One way here is to use one hot encoding in first (token length * alphabet length) dimensions.

But to be frank I don’t think it’s really needed, I bet everything really needed model learns by itself. If I had time I would’ve tried it though :)

Bonus content, accuracies for other models (notice DeepSeek!):

- Qwen3-32B: 0.873 / 0.585 / 0.467

- Qwen3-235B-A22B: 0.857 / 0.607 / 0.502

- DeepSeek-V3: 0.869 / 0.738 / 0.624

nl · 2025-07-10T14:30:56 1752157856

> the word "strawberry" is a single token, and that single token is what the model gets as input.

This is incorrect.

strawberry is actually 4 tokens (at least for GPT but most LLM are similar).
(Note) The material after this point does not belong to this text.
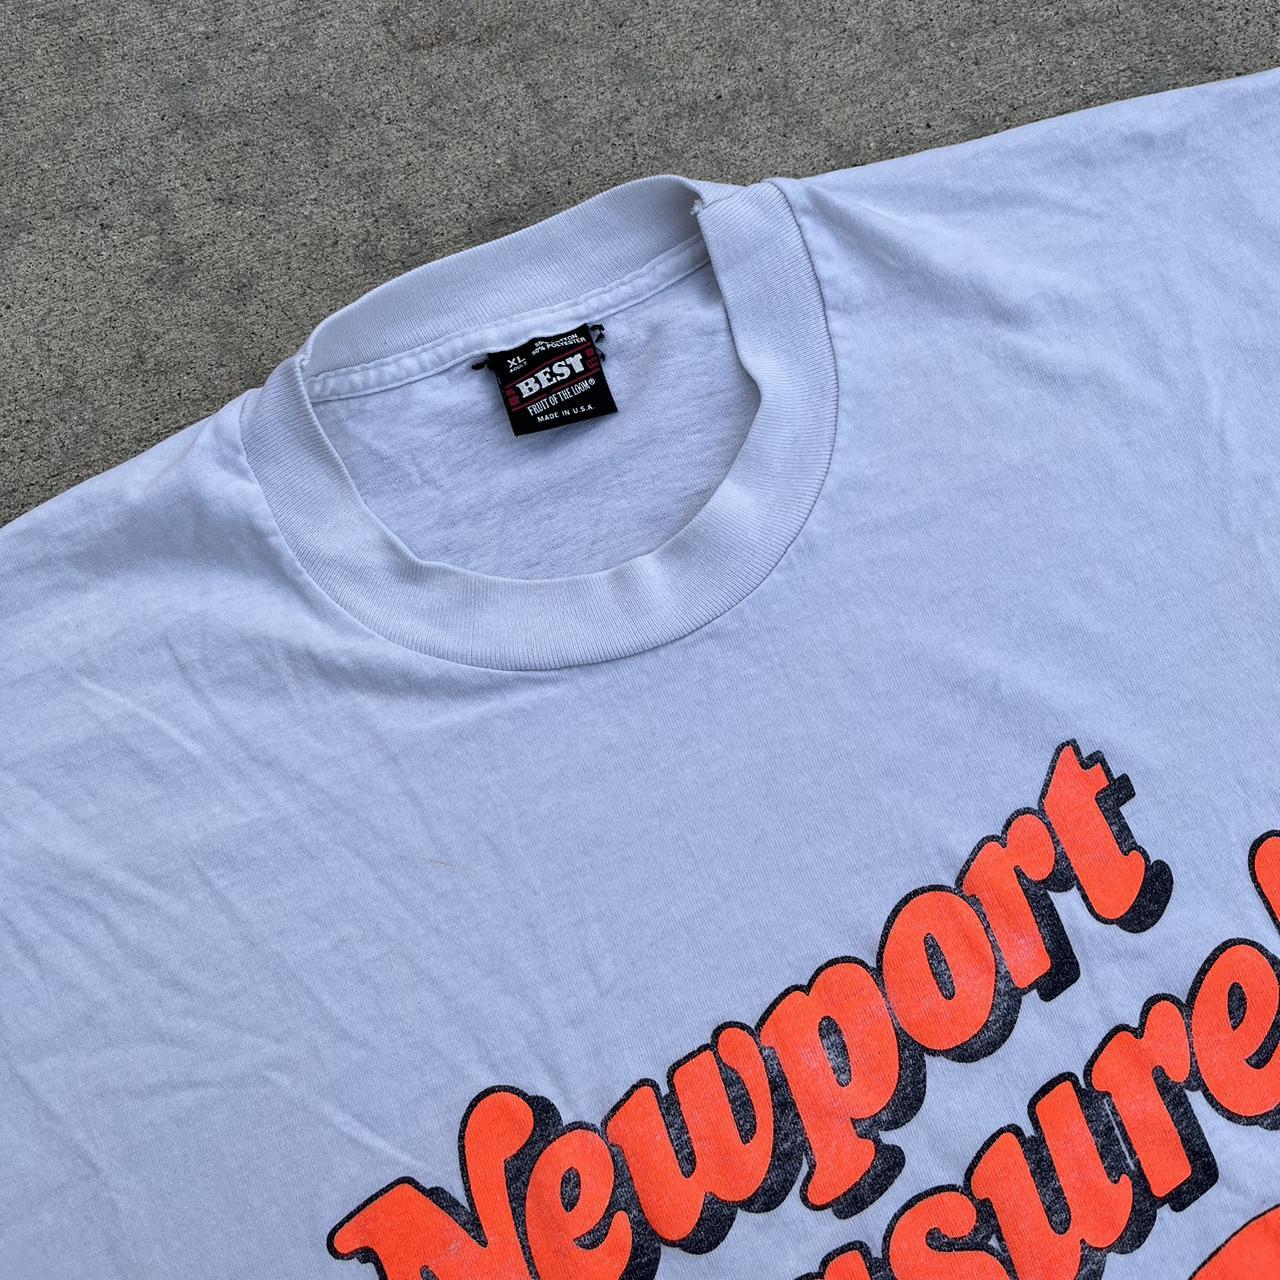 Newport Men's White and Orange T-shirt | Depop

See https://platform.openai.com/tokenizer

kadushka · 2025-07-10T15:22:35 1752160955

I got 3 tokens: st, raw, and berry. My point still stands: processing "berry" as a single token does not allow the model to learn its spelling directly, the way human readers do. It still has to rely on an explicit mapping of the word "berry" to b e r r y explained in some text in the training dataset. If that explanation is not present in the training data, it cannot learn the spelling - in principle.

brookst · 2025-07-10T18:55:03 1752173703

Exactly. If “st” is 123, “raw” is 456, “berry” is 789, and “r” is 17… it makes little sense to ask the models to count the [17]’s in [123,466,789]: it demands an awareness of the abstraction that does not exist.

To the extent the knowledge is there it’s from data in the input corpus, not direct examination of the text or tokens in the prompt.

asadotzler · 2025-07-10T20:08:57 1752178137

So much for generalized intelligence, I guess.

kadushka · 2025-07-10T20:11:59 1752178319

Is a human who never learned how to read not generally intelligent?